MusECI, short for Musical Elementary Composable Ideas, is domain specific embedded language for representing musical structures in Python. MusECI takes an approach inspired by the idea of elementary composable ideas, or ECIs. ECIs are simple, atomic concepts that can be combined, or composed, to form more complex concepts and relationships. For example, there is some evidence to suggest that “surface” is one such concept that infants have and use to build other concepts, such as collections of surfaces forming objects and internal spaces. This style of representation has been proposed to underly human natural language processing tasks such as describing and referring to items and events in visual environments.
MusECI is a declarative and functional language that also has features of query languages. Musical features and operations are represented at the level of a paper score using objects that correspond closely to those found in parses of natural language sentences about music. MusECI also allows representation of partially-specified musical concepts and the matching of these templates against concrete values, facilitating a query operation for finding specific areas of a score referred to in a natural language sentence. MusECI is being integrated with the TRIPS parser for a use case called “composition by conversation,” where the human and computer take turns talking about and altering a musical score. Preliminary integration performed so far permits basic conversations where the human can direct the computer to alter individual notes. Many of the data structures used also mirror those found in other geometric tasks, such as moving objects in a two-dimensional space and disambiguating between entities with similar properties.

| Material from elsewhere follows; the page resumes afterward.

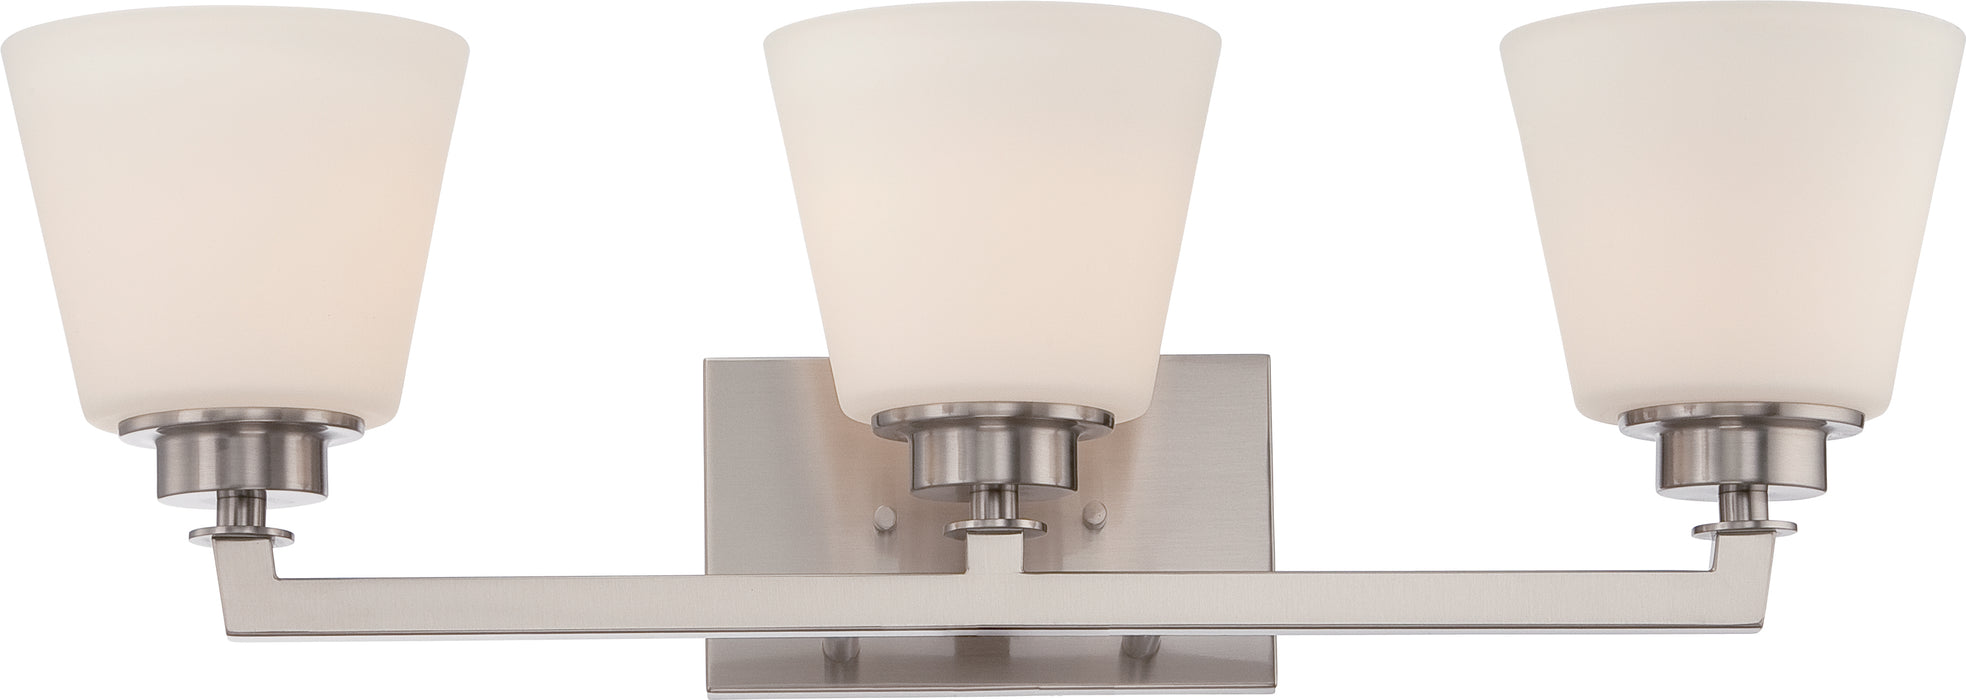 SATCO/NUVO Mobili 3-Light Vanity Fixture With Satin White Glass (60-5453)

MusECI can also be used for basic algorithmic composition, as it features conversion of its data structures to and from MIDI file format and supports a number of commonly used musical transformations, such as retrograde and inversion. This generative side to MusECI is important for handling more complex interactive tasks that may require large alterations of a composition from a relatively simple utterance or the creation of new material from scratch, such as in response to “I don’t like the harmony in measure 2, try something different.”